YOUR OBJECTIVE –
Set down, please, exactly the lines below that run from the line with "Halle (Saale)" to the line with "als virtueller Rundgang", both lines included.

DATA TO USE –
----------------------------------------

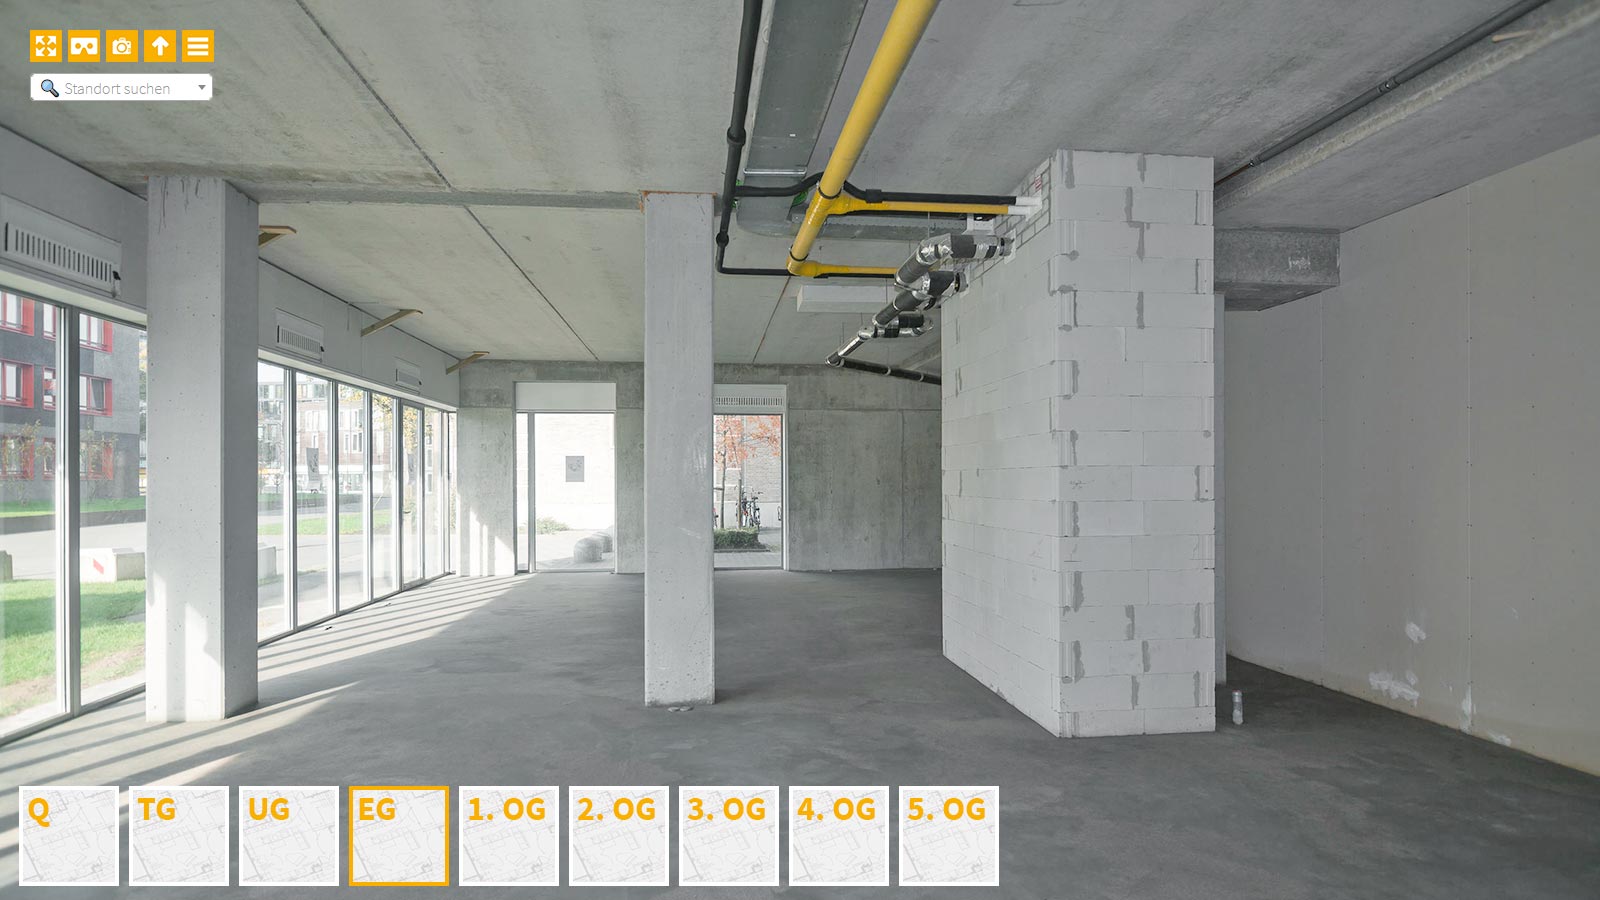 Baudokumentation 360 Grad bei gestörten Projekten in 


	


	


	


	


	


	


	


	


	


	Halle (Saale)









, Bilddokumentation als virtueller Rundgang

----------------------------------------

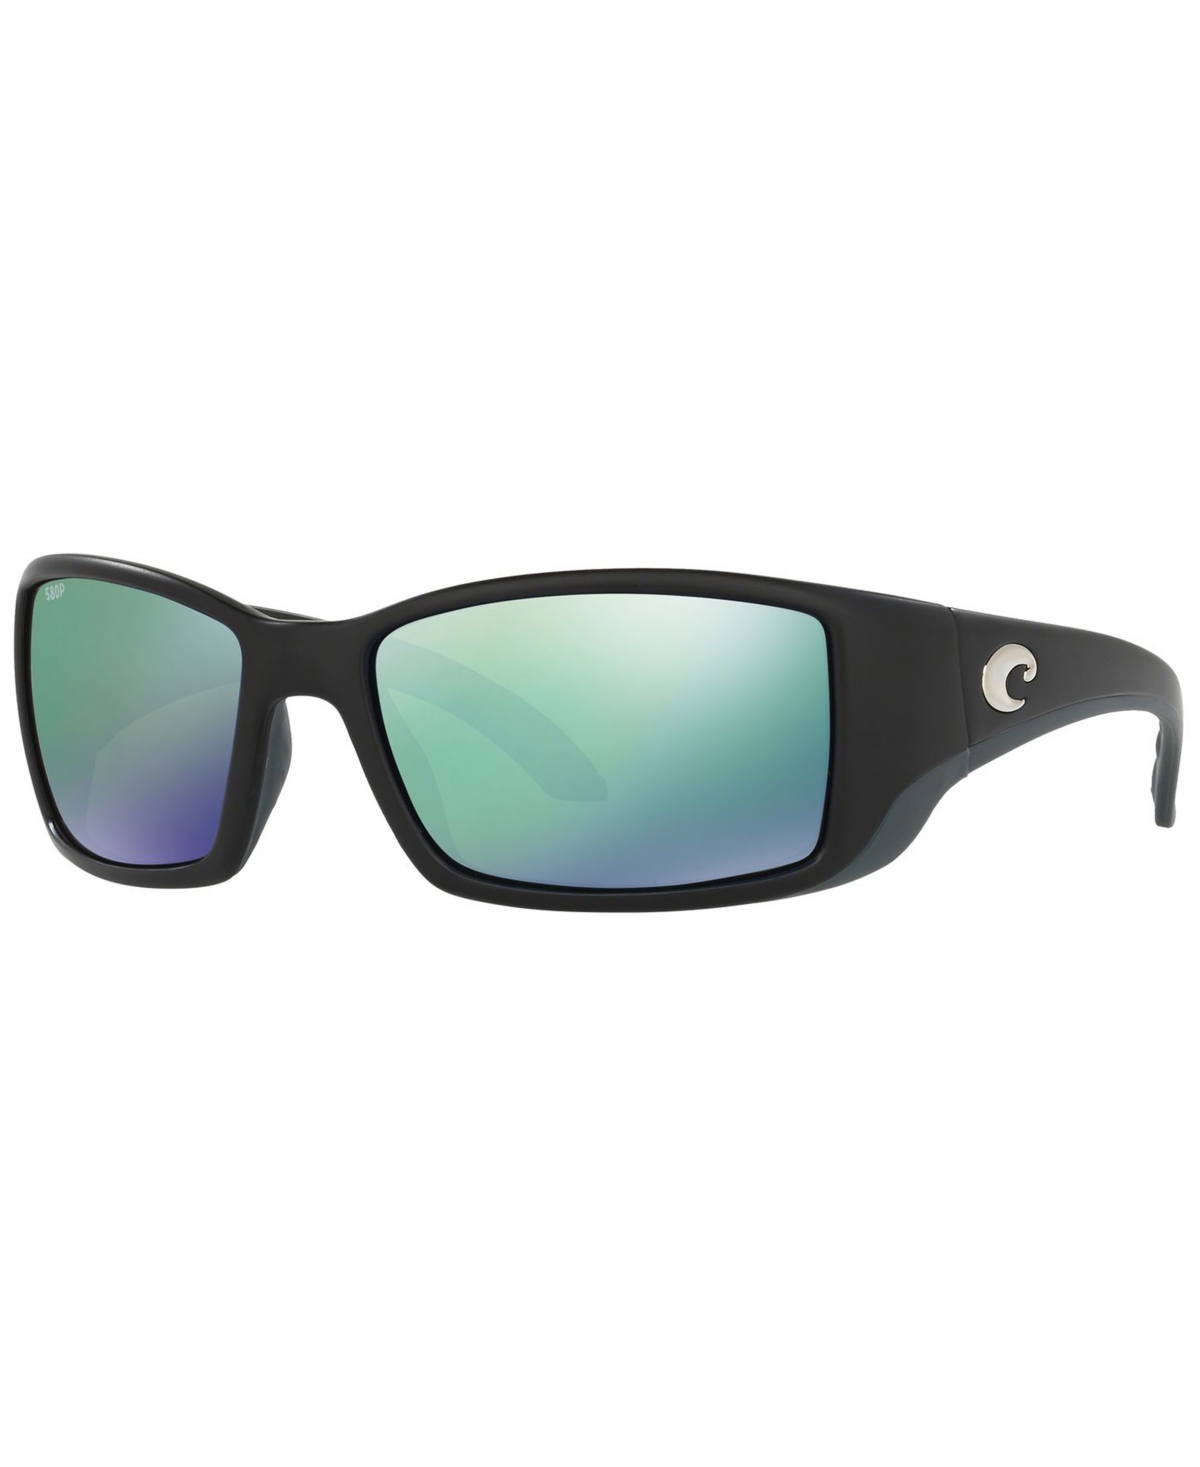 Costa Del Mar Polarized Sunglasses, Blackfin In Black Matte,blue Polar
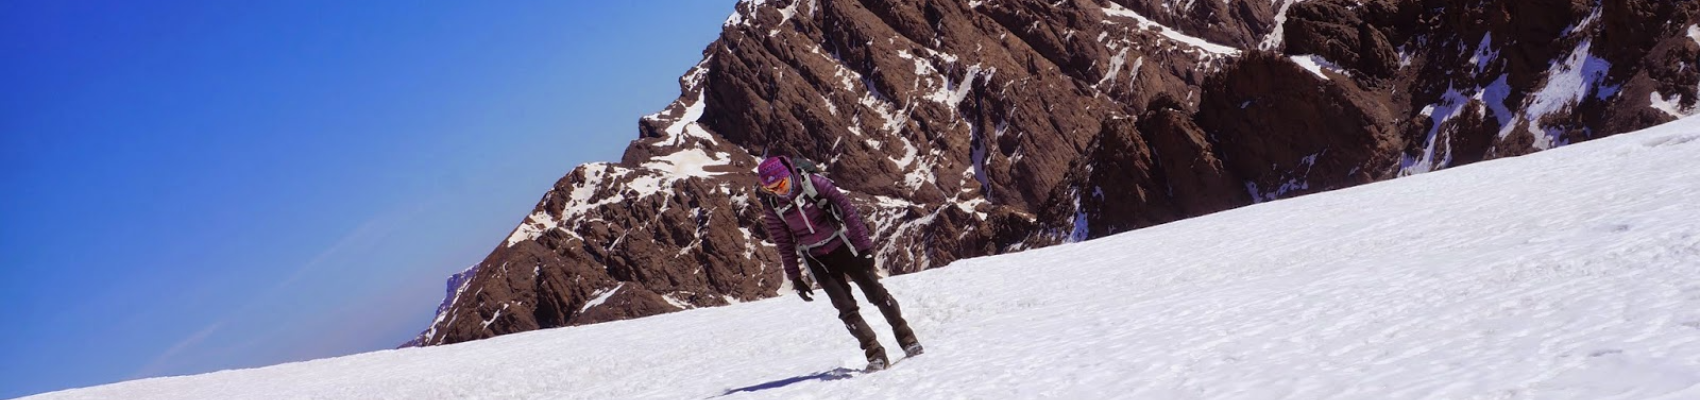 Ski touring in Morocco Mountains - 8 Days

----------------------------------------

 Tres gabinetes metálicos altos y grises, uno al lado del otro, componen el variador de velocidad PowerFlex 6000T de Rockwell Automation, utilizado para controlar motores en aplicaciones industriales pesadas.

----------------------------------------

RESPONSE –
	Halle (Saale)









, Bilddokumentation als virtueller Rundgang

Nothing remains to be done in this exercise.